**PROVIDED MATERIAL**

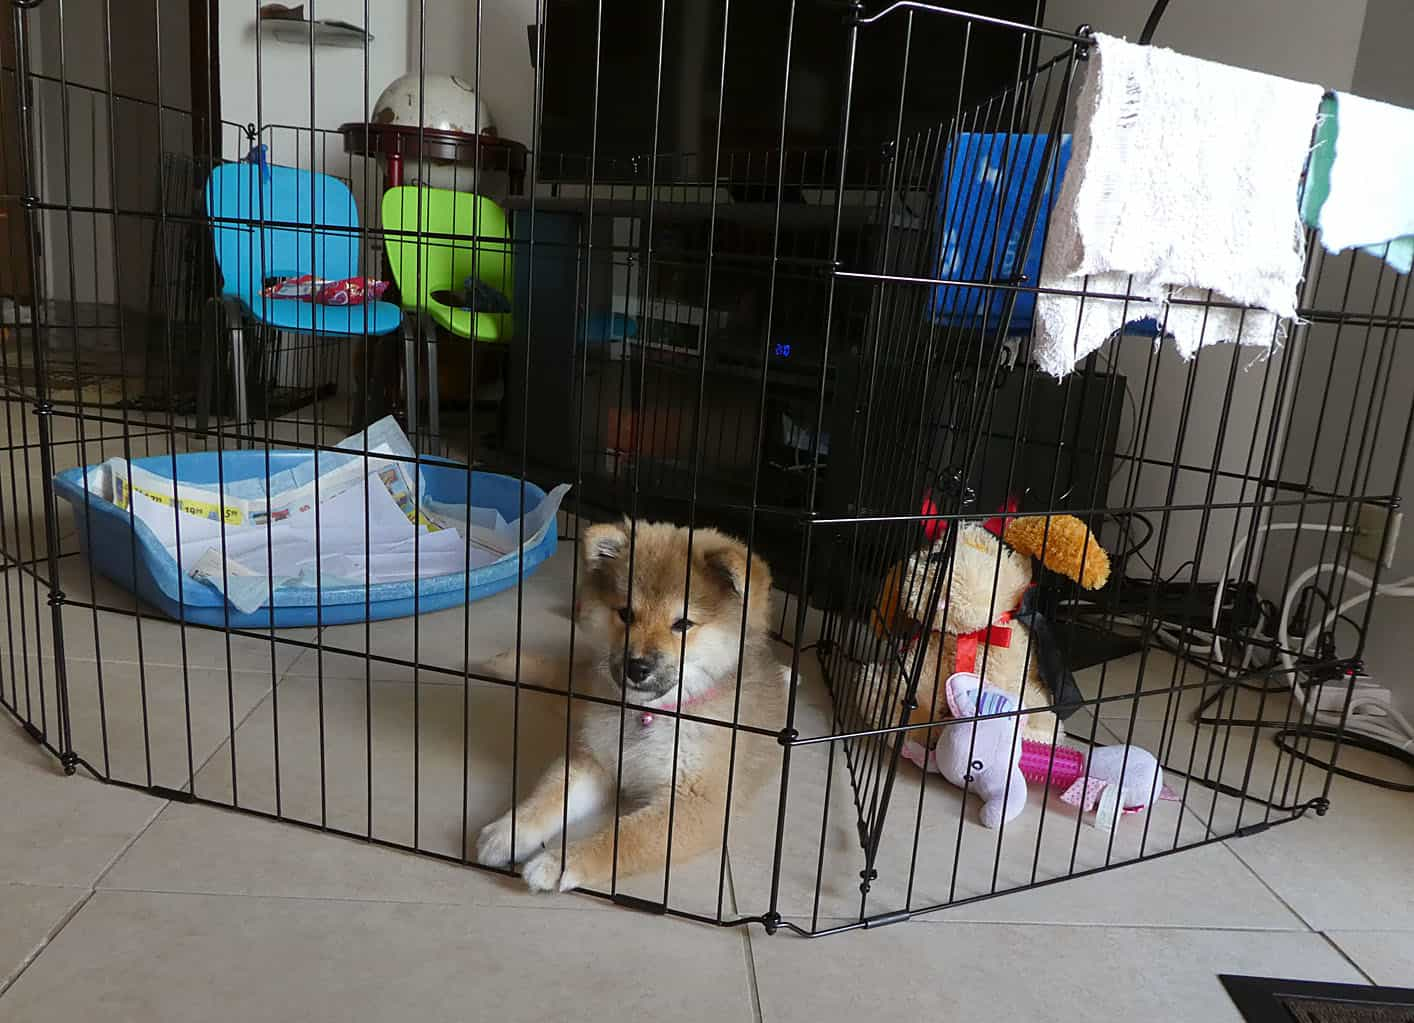 How To Potty Train Your Shiba Inu Puppy
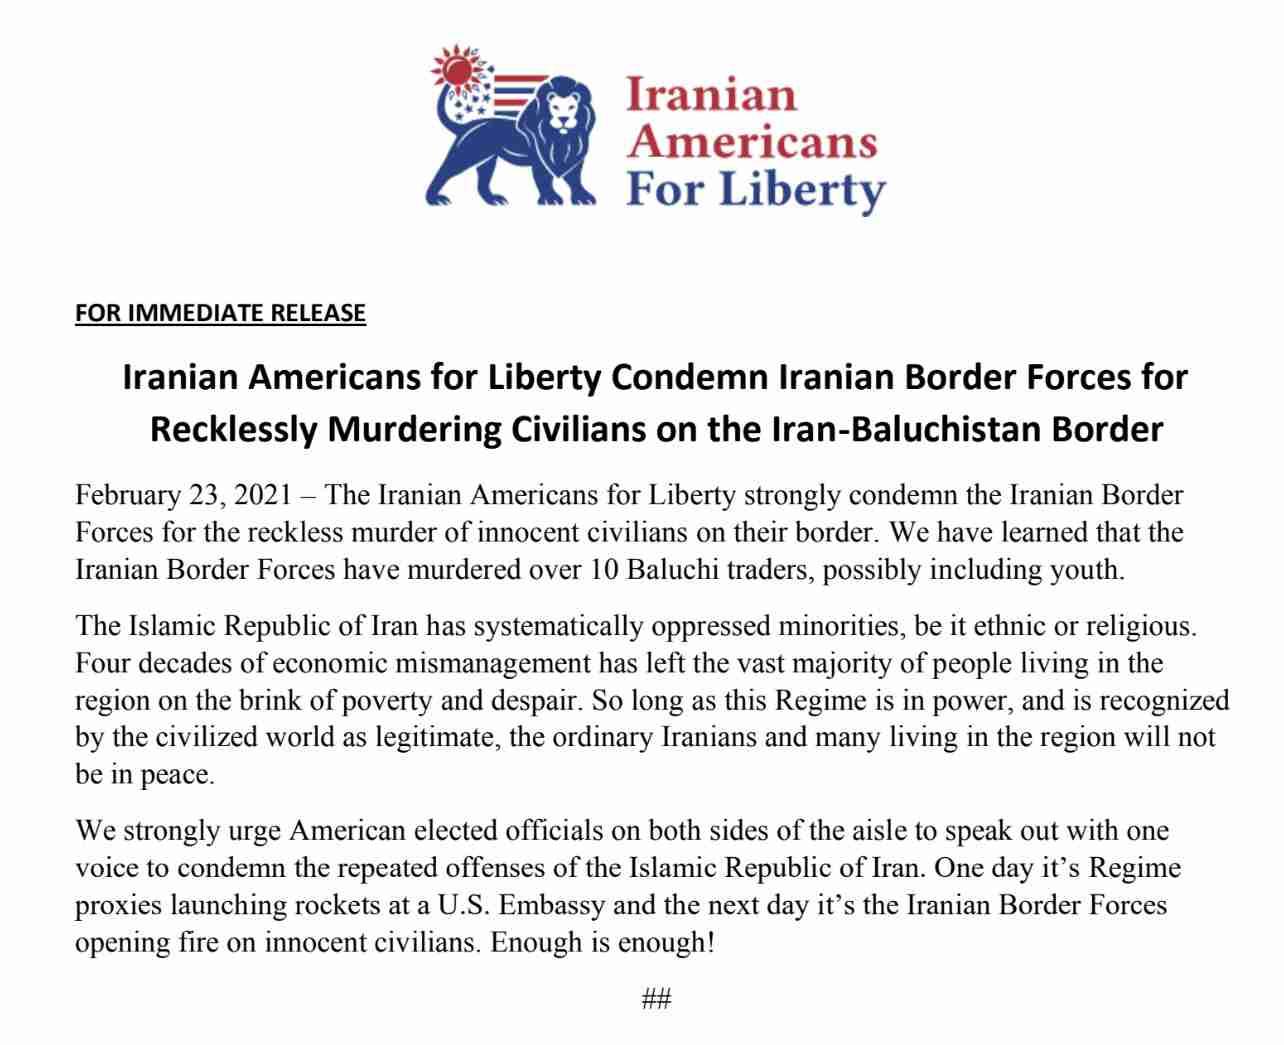 Iranian Americans For Liberty Condemn The Killing Of Civilians On Iran-Baluchistan Border
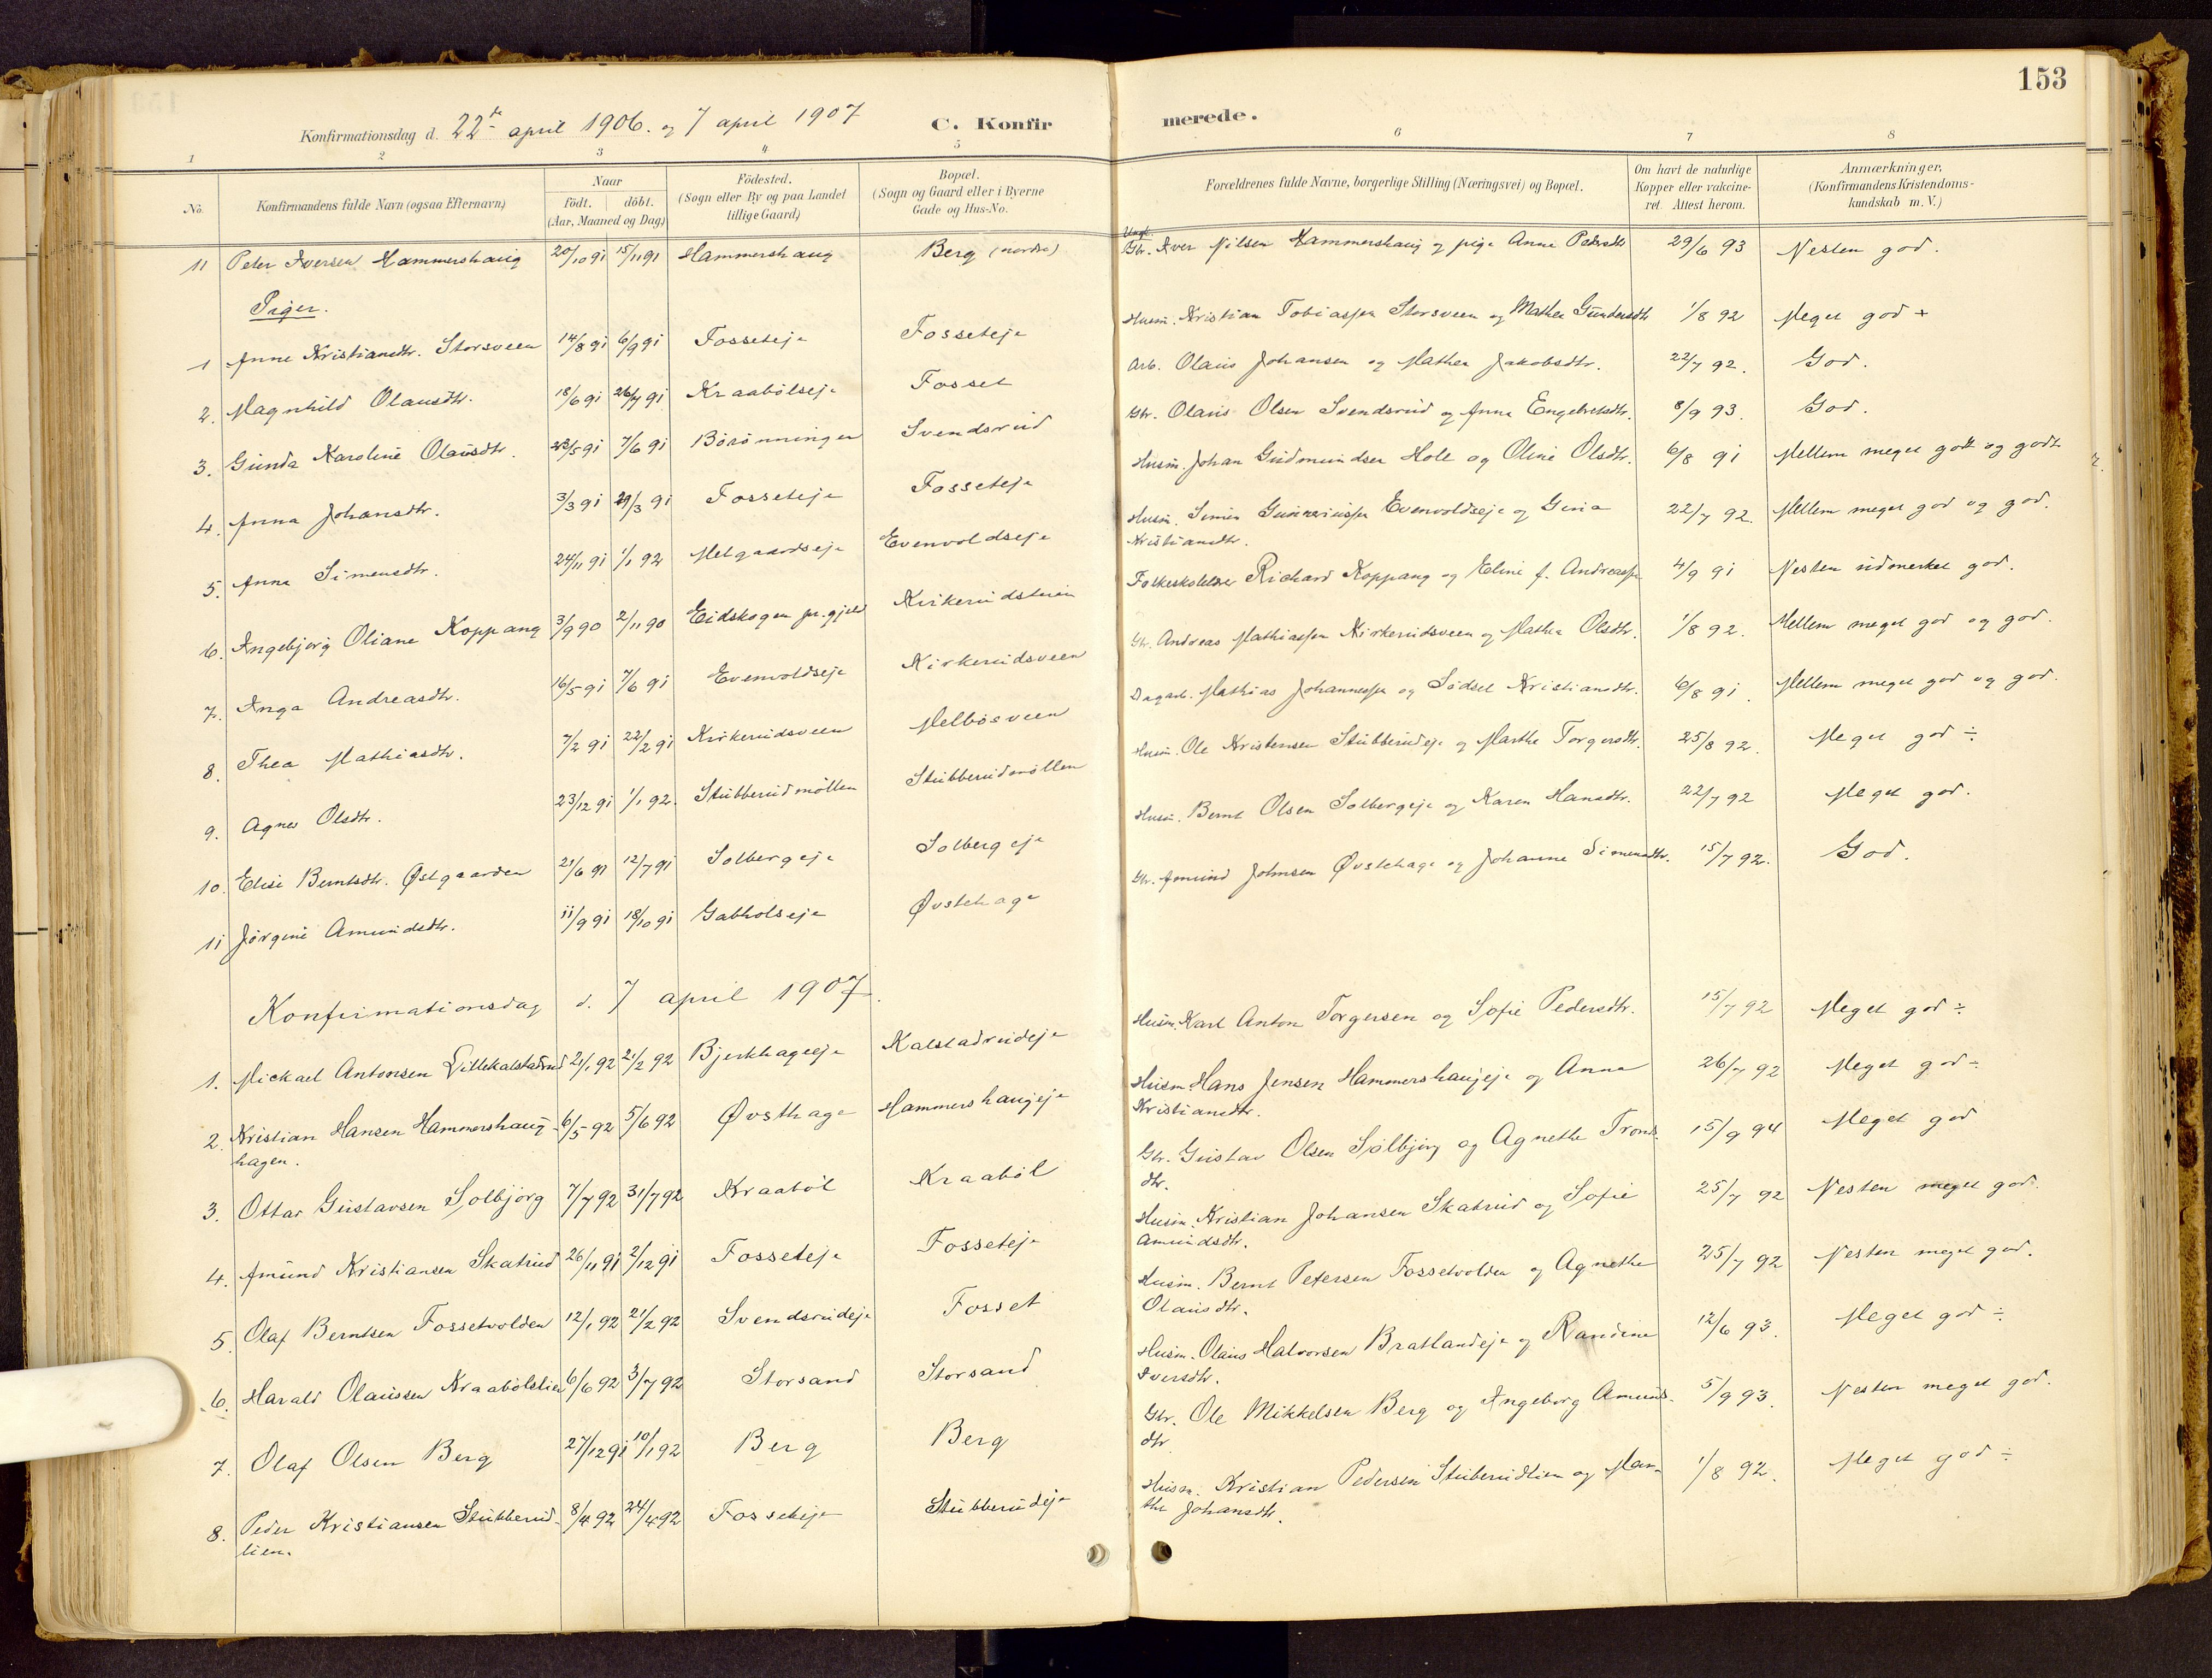 SAH, Vestre Gausdal prestekontor, Ministerialbok nr. 1, 1887-1914, s. 153

**EXERCISE BRIEF**
None of the pictures belong in the copy; transcribe the rest of the data exactly.

**SOLUTION TO THE PROBLEM**
 How To Potty Train Your Shiba Inu Puppy
 Iranian Americans For Liberty Condemn The Killing Of Civilians On Iran-Baluchistan Border
 SAH, Vestre Gausdal prestekontor, Ministerialbok nr. 1, 1887-1914, s. 153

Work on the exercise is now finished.